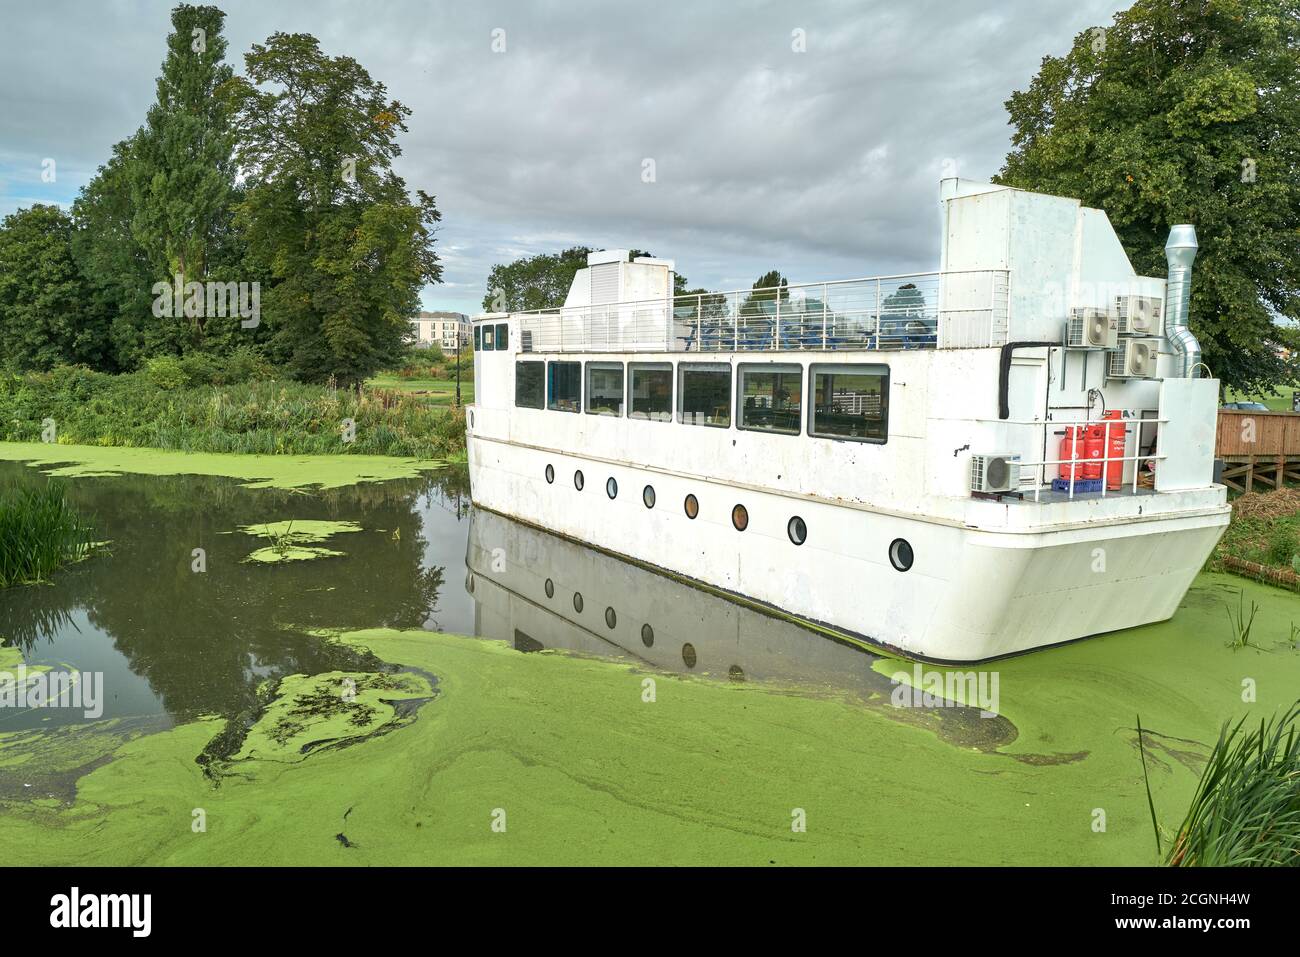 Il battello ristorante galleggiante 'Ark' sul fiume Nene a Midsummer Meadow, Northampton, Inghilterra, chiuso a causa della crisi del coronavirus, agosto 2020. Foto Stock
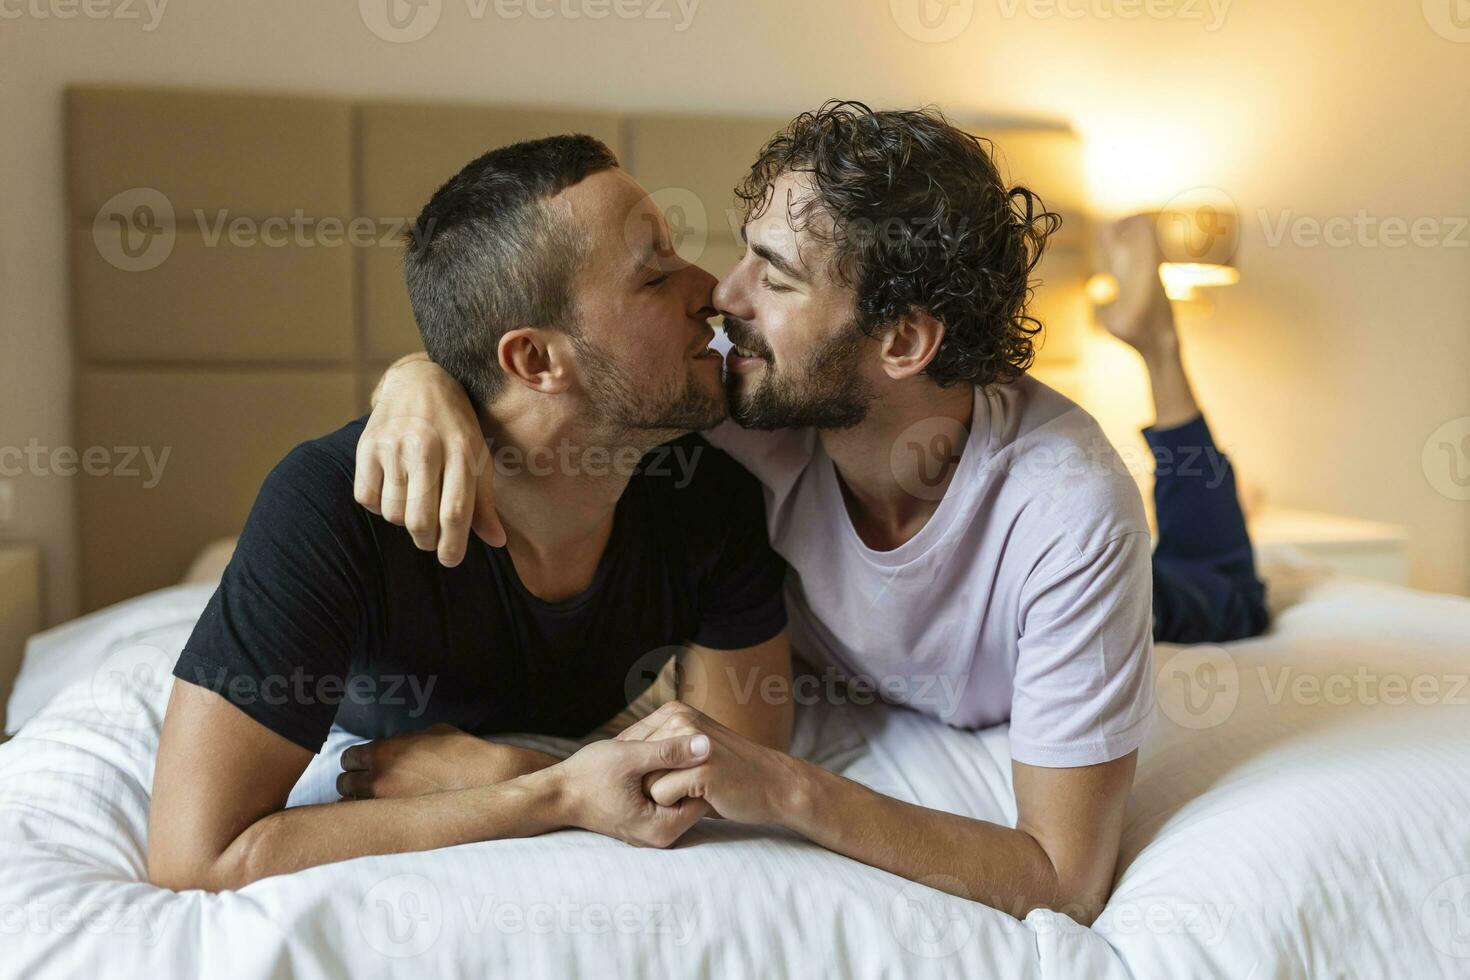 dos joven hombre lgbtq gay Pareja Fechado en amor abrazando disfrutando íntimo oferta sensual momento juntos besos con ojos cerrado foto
...
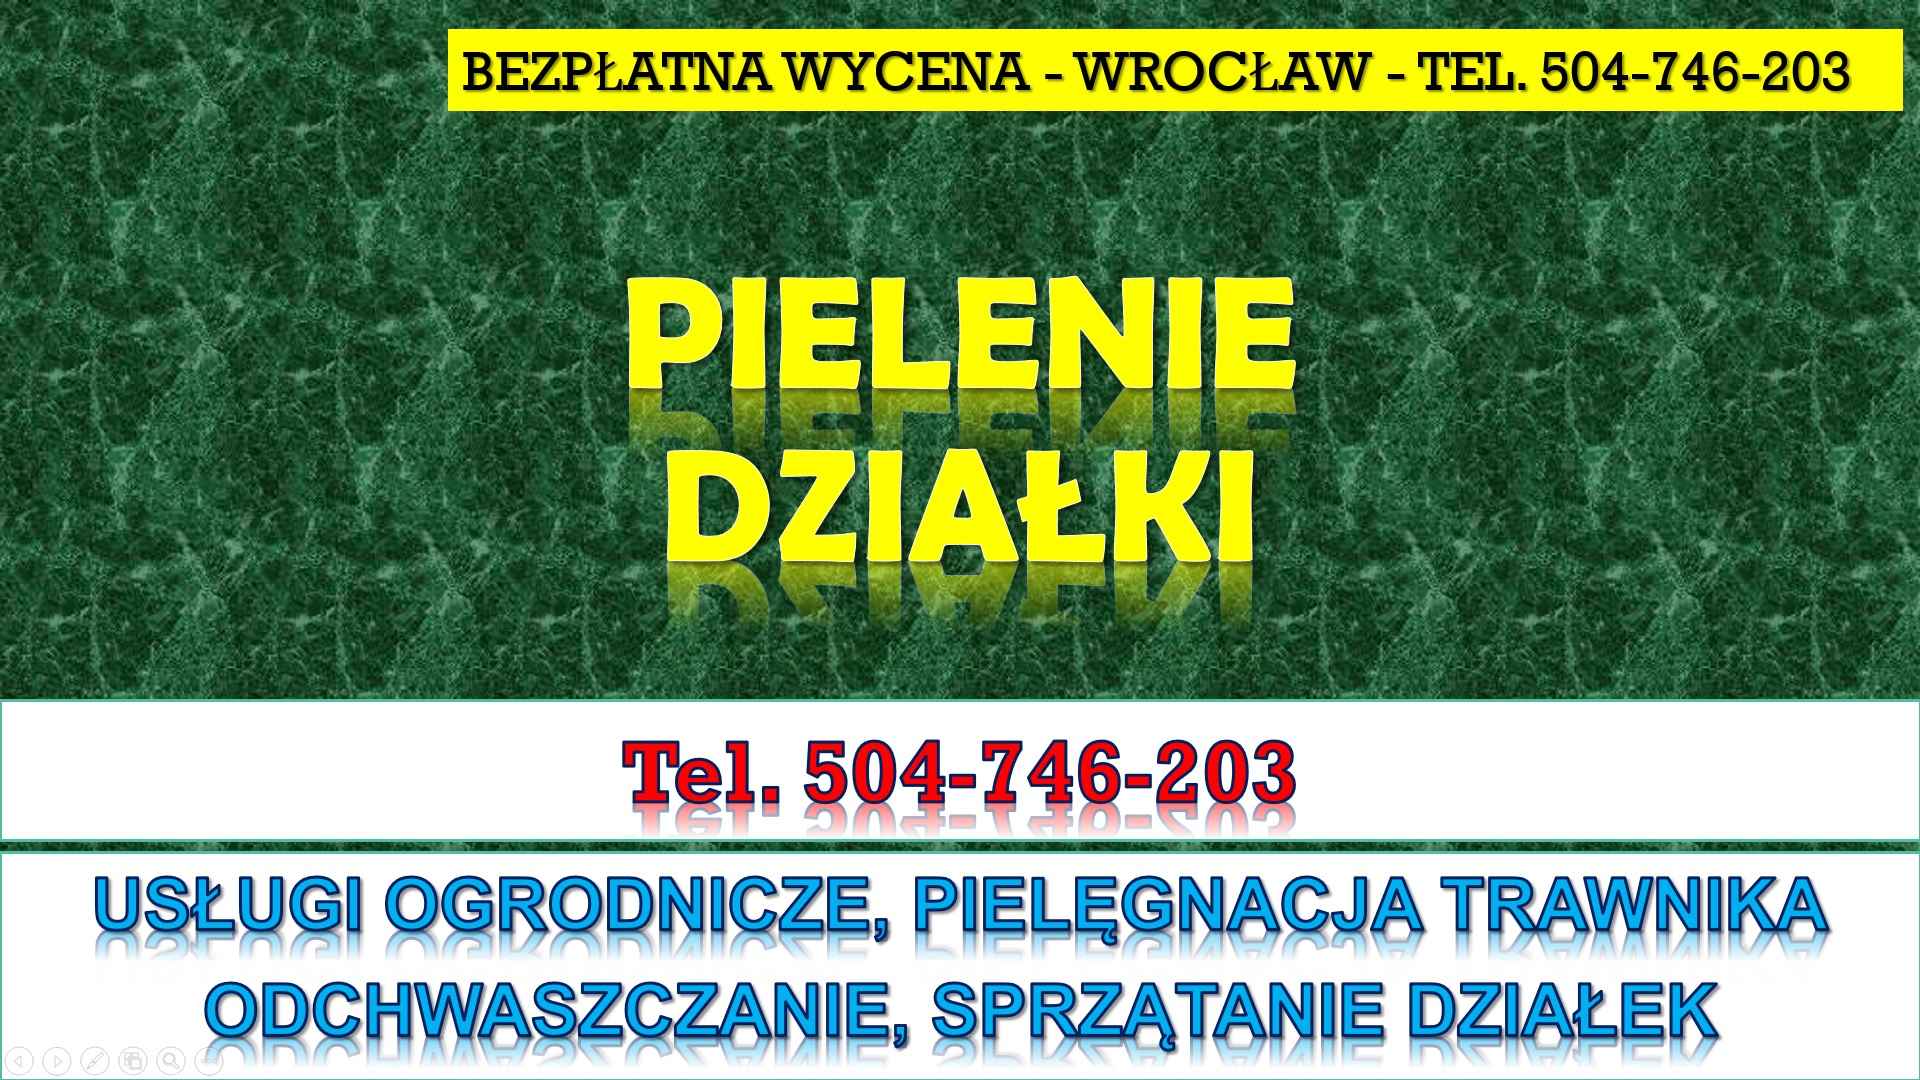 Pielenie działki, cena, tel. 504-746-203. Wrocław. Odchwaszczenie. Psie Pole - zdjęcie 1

**What to do**
From the line with "Il battello ristorante" up to and including the line with "dos joven hombre" above, retype every line exactly and nothing more; leave out the pictures.

**Exercise response**
 Il battello ristorante galleggiante 'Ark' sul fiume Nene a Midsummer Meadow, Northampton, Inghilterra, chiuso a causa della crisi del coronavirus, agosto 2020. Foto Stock
 dos joven hombre lgbtq gay Pareja Fechado en amor abrazando disfrutando íntimo oferta sensual momento juntos besos con ojos cerrado foto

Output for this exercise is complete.